Una vez más, los psicólogos dan indicios de una solución. Fue Freud quien nos señaló que la existencia misma del grupo social parece depender de los mismos principios de amor y fe que, en general, constituyen las condiciones del desarrollo personal. [14] El hecho de que en muchos grupos el amor no se haya desarrollado mucho y la fe se mantenga en un nivel bajo de sugestibilidad, de modo que las fuerzas irracionales e impulsivas dominen la vida grupal, demuestra menos el poder del mal que la inmadurez del hombre y de las naciones. Si existe un Dios Creador, su obra aún no ha terminado.
En lo que respecta a nuestra discusión con los psicólogos, tenemos poca necesidad de discutir con ellos mientras se mantengan dentro de los límites de su ciencia. Su crítica de las creencias y sistemas religiosos, si bien a veces severa, ha sido una ayuda y no un obstáculo: «la eliminación de lo inestable, como de lo creado, para que lo inconmovible permanezca». [15] Cuando niegan la objetividad de nuestras estructuras fantásticas y nos dicen que gran parte de nuestra práctica religiosa es mera sugestión, no invalidan los hechos esenciales que afirmamos como ciertos desde el principio: los hechos de la personalidad misma como real, de los valores que existen para y en la personalidad, de la libertad, ahora vista con mayor [ p. 202 ] claridad como amor que puede responder al amor, y de la realidad misma como algo distinto de nosotros mismos. En ese punto, la psicología nos abandona, pero toda la evidencia que hemos presentado demuestra la importancia central de la fe y el amor en el mundo del ser personal. No debemos dudar de que el mundo sólido y resistente de las cosas también existe, pero afirmar que esta existencia de la cosificación es, en última instancia, dominante es desvirtuar tanto la psicología como la religión. Así como el culto de la Iglesia estaría vacío sin Dios, las teorías de los psicólogos son incompletas a menos que exista algo en el carácter interno de la realidad misma que subyace a la apariencia creativa de la vida y explica este predominio de la fe y el amor.

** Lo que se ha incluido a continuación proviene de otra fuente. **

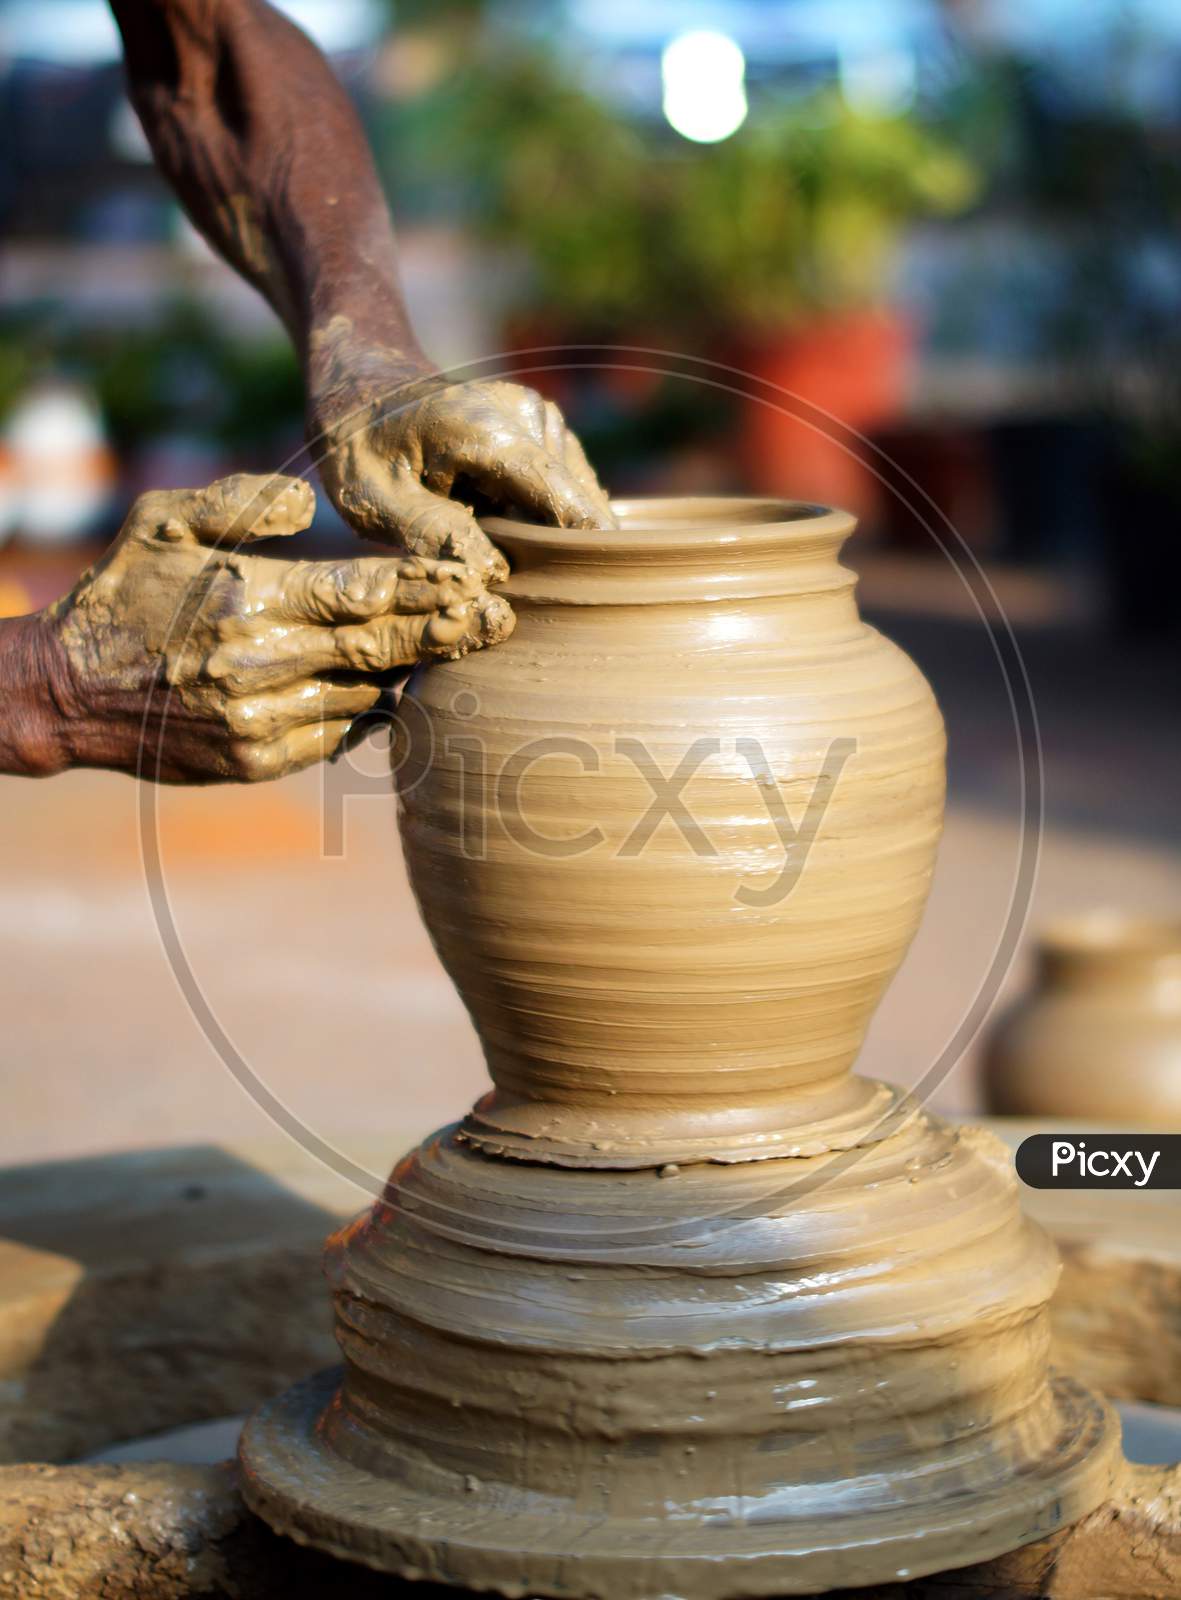 Stock Photo Of Potter Making A Eathen Vase On The Wheel In Outdoors

Quedan, pues, dos preguntas para nuestra investigación, y con ello nuestra tarea termina, en la medida en que lo permitan las limitaciones de estas conferencias. ¿Existe alguna evidencia empírica directa de la existencia de esta realidad objetiva y creativa que hemos postulado? ¿Y concuerda, suficientemente para la fe, si no totalmente para la comprensión, con las afirmaciones del teísmo cristiano? La segunda de estas preguntas será el tema de nuestra última conferencia. Para la respuesta a la primera, debemos recurrir a los místicos y psicólogos que han comentado sus experiencias, y su evidencia debe ser nuestra siguiente preocupación.

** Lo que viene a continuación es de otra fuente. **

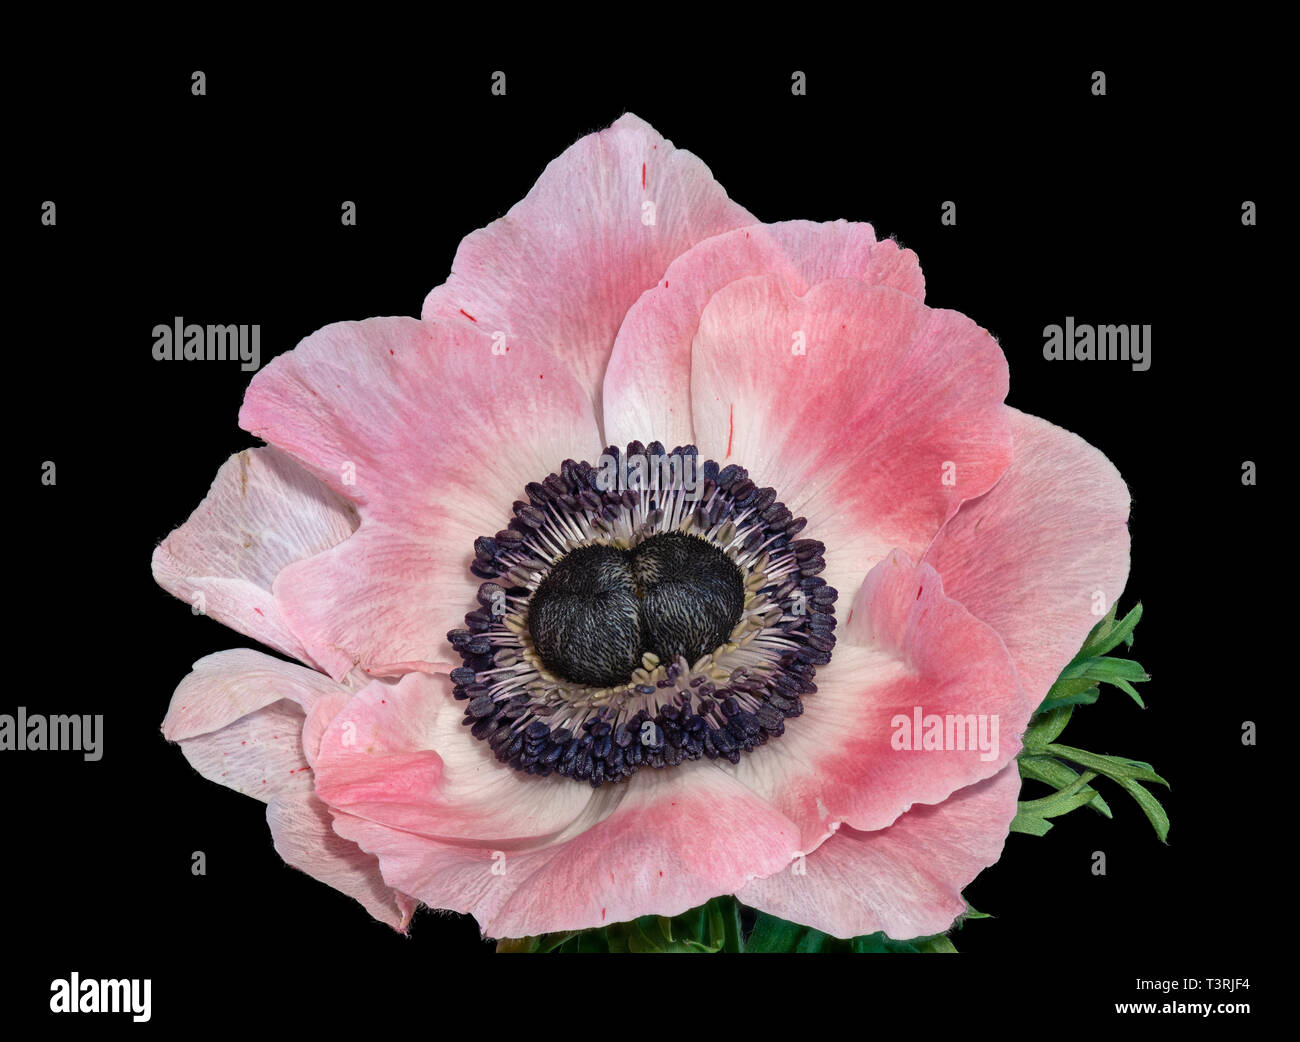 Fine art still life floral macro of a single isolated wide open bright white pink blue anemone blossom with green leaves, detailed texture on black Stock Photo

Los místicos se unen para declarar que su experiencia trasciende toda descripción, y luego pasan a describirla con singular fluidez y libertad. Sin embargo, coinciden en que al final sus palabras fallan. [16] A veces se mueven en la imaginería y el simbolismo de las emociones. A veces se adentran en las abstracciones de una filosofía que no encuentra términos positivos adecuados para abarcar sus conceptos. Pero en ninguno de los dos casos se cuestiona la intensa realidad de la experiencia. Tanto en su intensidad como en [ p. 203 ] su aislamiento, es muy similar al sentimiento y está muy alejada de nuestra aproximación común a las realidades cotidianas. «En este conocimiento», dice San Juan de la Cruz, «al no emplearse los sentidos ni la imaginación, no obtenemos forma ni impresión, ni podemos dar cuenta ni proporcionar ninguna semejanza, aunque la sabiduría misteriosa y dulce llega con tanta claridad a lo más profundo de nuestra alma». …Esta es la peculiaridad del lenguaje divino. Cuanto más infuso, íntimo, espiritual y suprasensible es, más excede los sentidos, tanto internos como externos, y los silencia. [17]

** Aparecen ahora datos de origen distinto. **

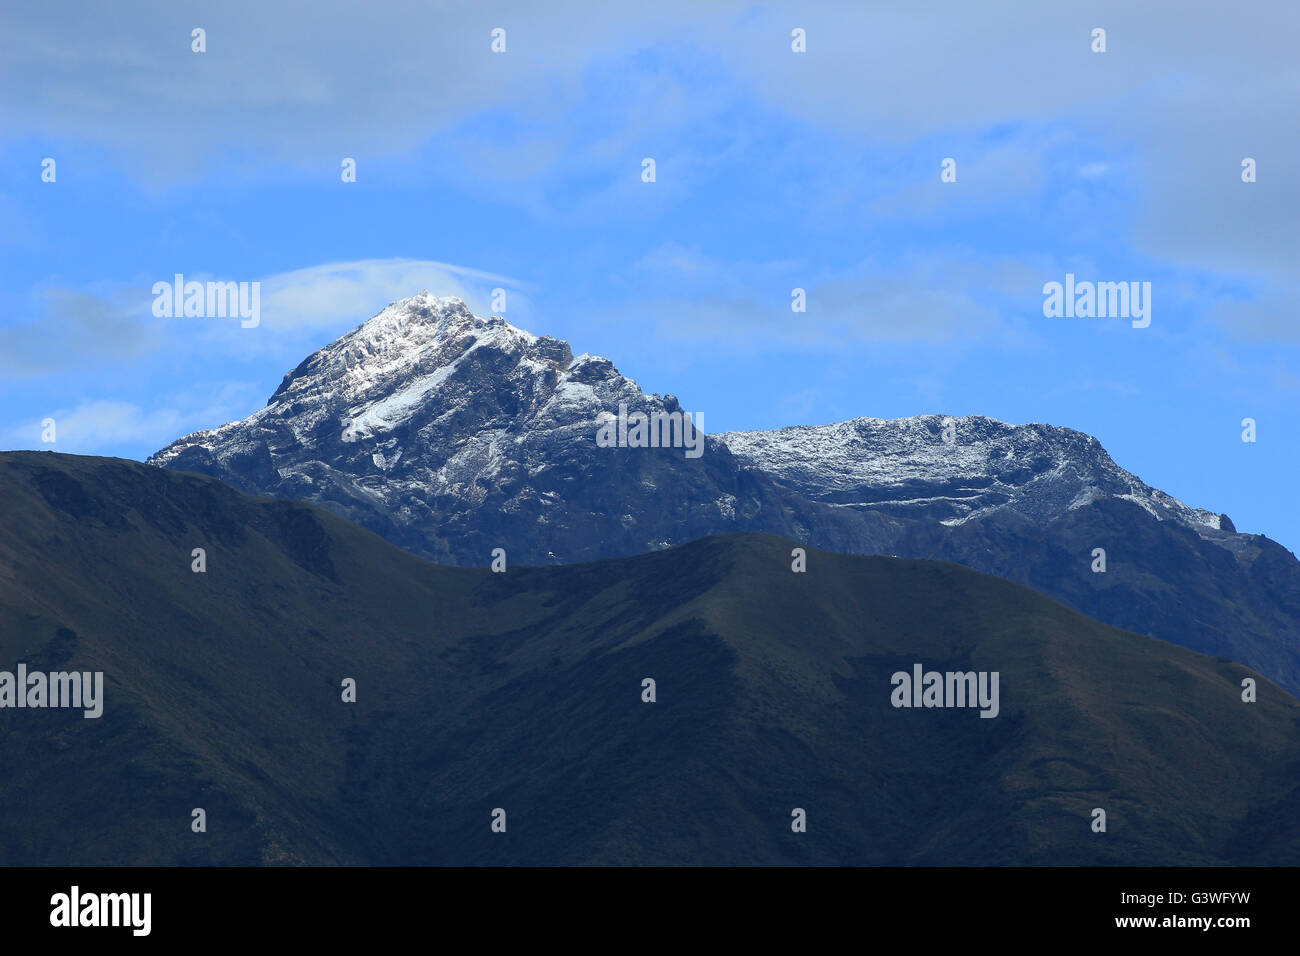 Snow on the summit of the volcano, Mount Cotacachi, in the Andes Mountains near Cotacachi, Ecuador Stock Photo

Sin embargo, a pesar del carácter abrumador e inefable de estas experiencias, al místico le parecen abrir una puerta que conduce a nuevos reinos de conocimiento. «Son estados de comprensión de las profundidades de la verdad, insondables para el intelecto discursivo. Son iluminaciones, revelaciones, llenas de significado e importancia, aunque permanecen inarticuladas; y por lo general conllevan una curiosa sensación de autoridad para el futuro». [18] El místico no puede explicar, pero sabe que ha sabido y no solo sentido, y a menudo ese conocimiento permanece como una posesión perdurable que ninguna crítica puede jamás tocar. Dos ejemplos bastarán, uno de una carta de James Russell Lowell:
Tuve una revelación el viernes pasado por la noche… Nunca antes había sentido con tanta claridad el Espíritu de Dios en mí y a mi alrededor. Toda la habitación me pareció llena de Dios. El aire parecía oscilar con la presencia de algo. No sabía qué. Hablé con la calma y claridad de un profeta. No puedo decirles qué fue esta revelación. Aún no la he estudiado lo suficiente. Pero algún día la perfeccionaré, y entonces la escucharán y reconocerán su grandeza. Abarca todos los demás sistemas. [19]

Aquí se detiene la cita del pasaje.